Michael Laskey1, Caleb Chuck1, Jonathan Lee2, Jeffrey Mahler1, Sanjay Krishnan2, Kevin Jamieson3, Anca Dragan2, Ken Goldberg4

  • 1University of California, Berkeley
  • 2University of California Berkeley
  • 3University of Washington
  • 4UC Berkeley

Details

10:30 - 10:35 | Tue 30 May | Room 4611/4612 | TUA6.8

Session: Learning and Adaptive Systems 1

Abstract

Motivated by recent advances in Deep Learning for robot control, this paper considers two learning algorithms in terms of how they acquire demonstrations from fallible human supervisors. “Human-Centric” (HC) sampling is a standard supervised learning algorithm, where a human supervisor demonstrates the task by teleoperating the robot to provide trajectories consisting of state-control pairs. “Robot-Centric” (RC) sampling is an increasingly popular alternative used in algorithms such as DAgger, where a human supervisor observes the robot execute a learned policy and provides corrective control labels for each state visited.
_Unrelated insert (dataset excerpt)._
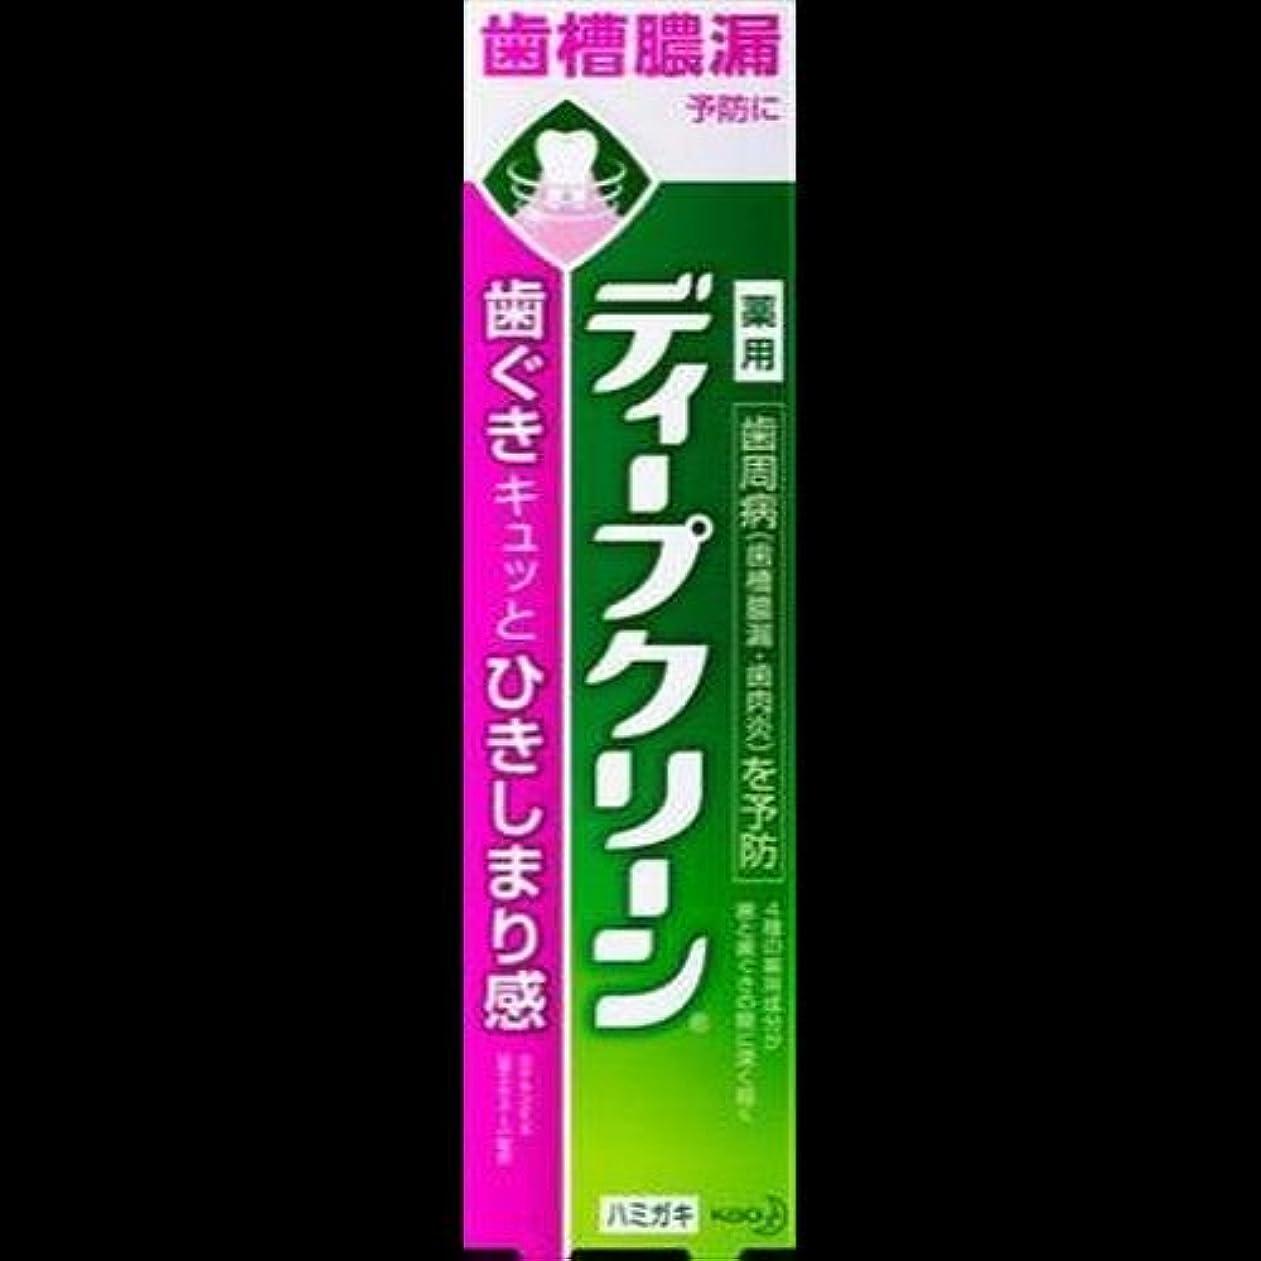 リズム何故なの疼痛【まとめ買い】ディープクリーン 薬用ハミガキ 100g ×2セット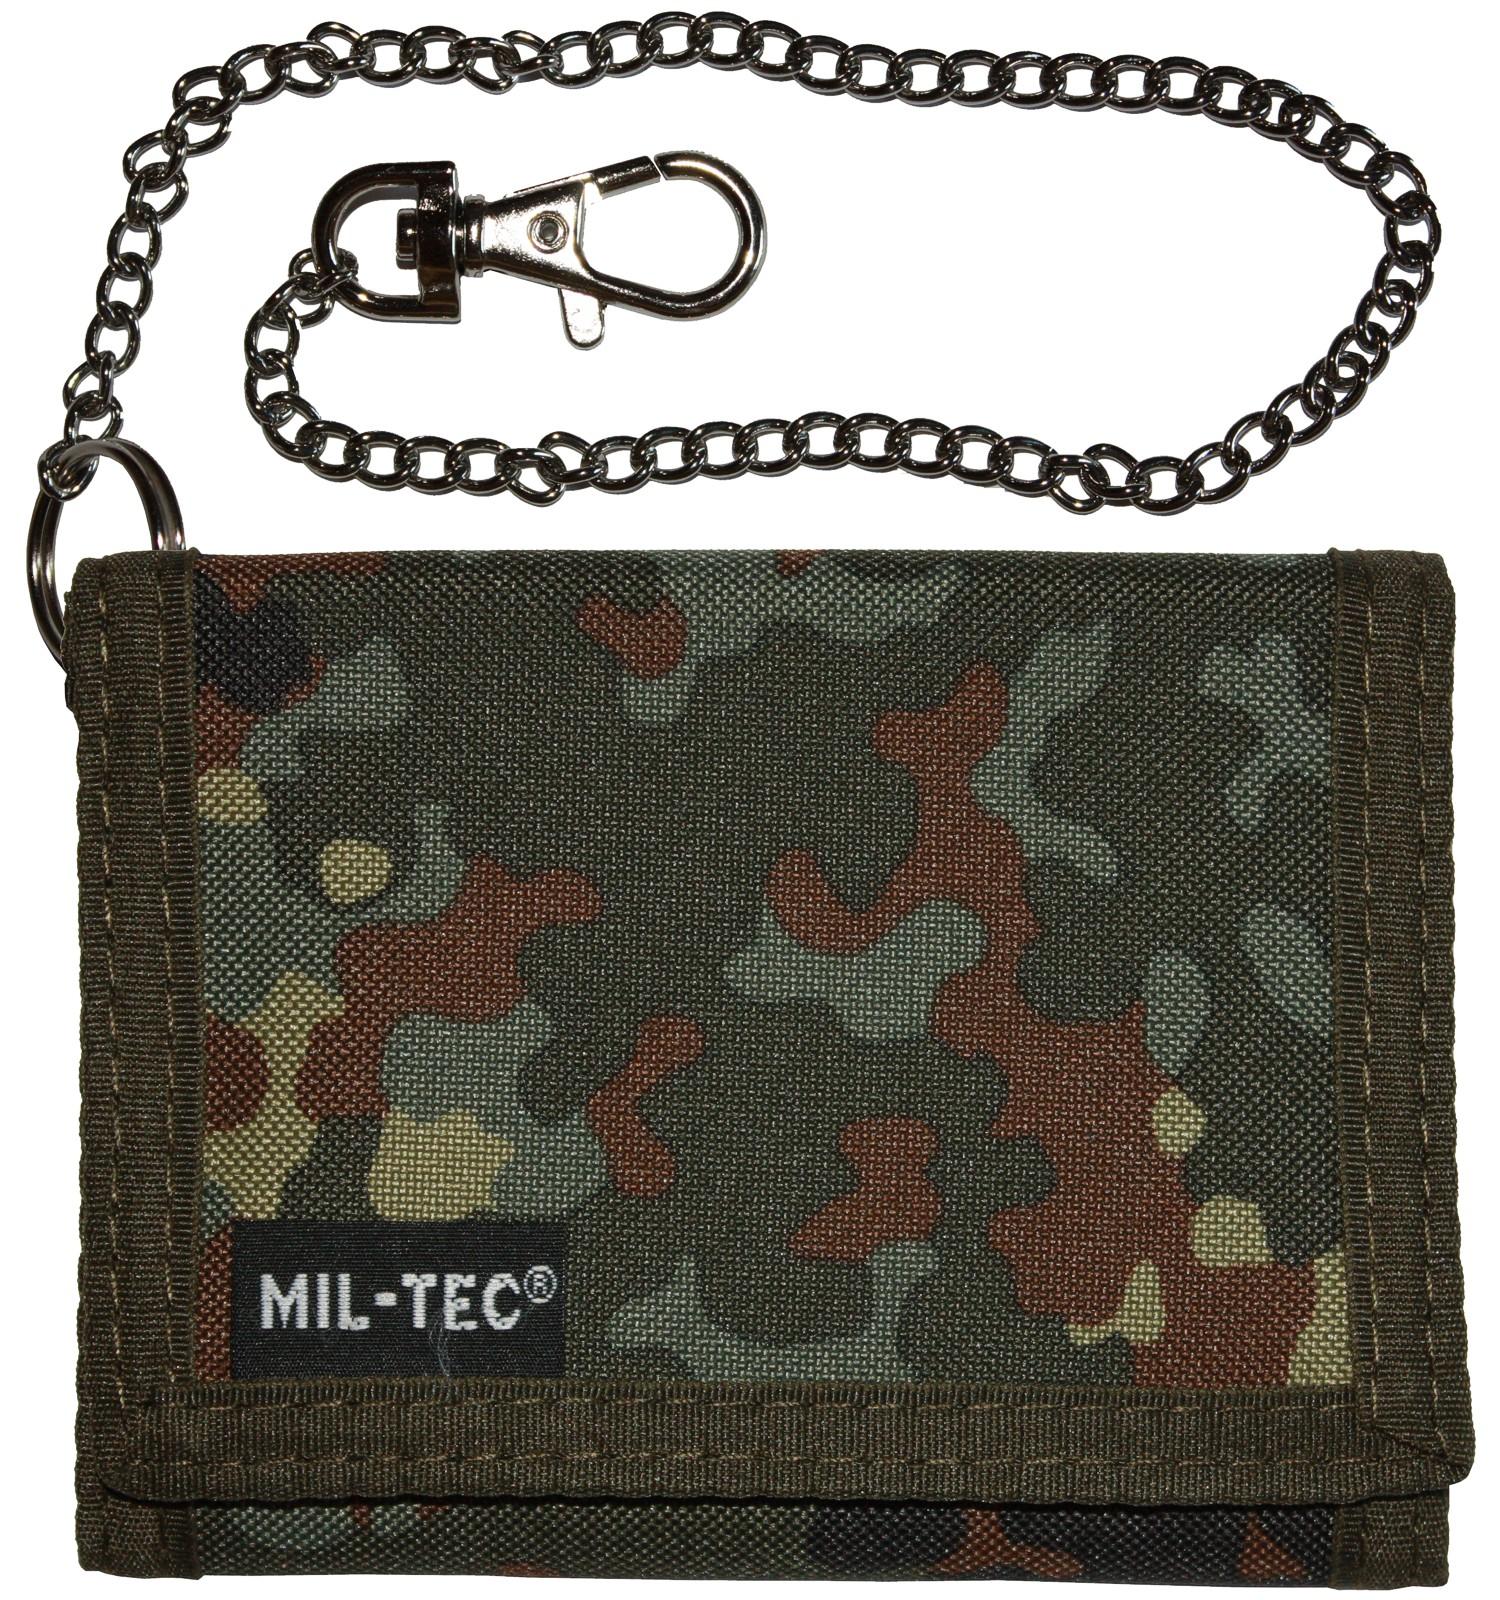 Mil-Tec Geldbeutel Geldbörse Klettverschluss Sicherheitskette Flecktarn

We suggest RC sampling can be challenging for human supervisors and prone to mislabeling. We compare HC and RC using a grid world environment and a physical robot singulation task. In the latter the input is an image of objects on a planar worksurface and the policy generates a motion in the gripper to separate one object from the rest. We observe in simulation that for linear SVMs, policies learned with RC outperformed those learned with HC but that using deep models this advantage disappears. We also find that with RC, the corrective control labels provided by humans can be highly inconsistent. We prove there exists a class of examples in which at the limit, HC is guaranteed to converge to an optimal policy while RC may fail to converge. These results suggest a form of HC sampling may be preferable for human supervisors.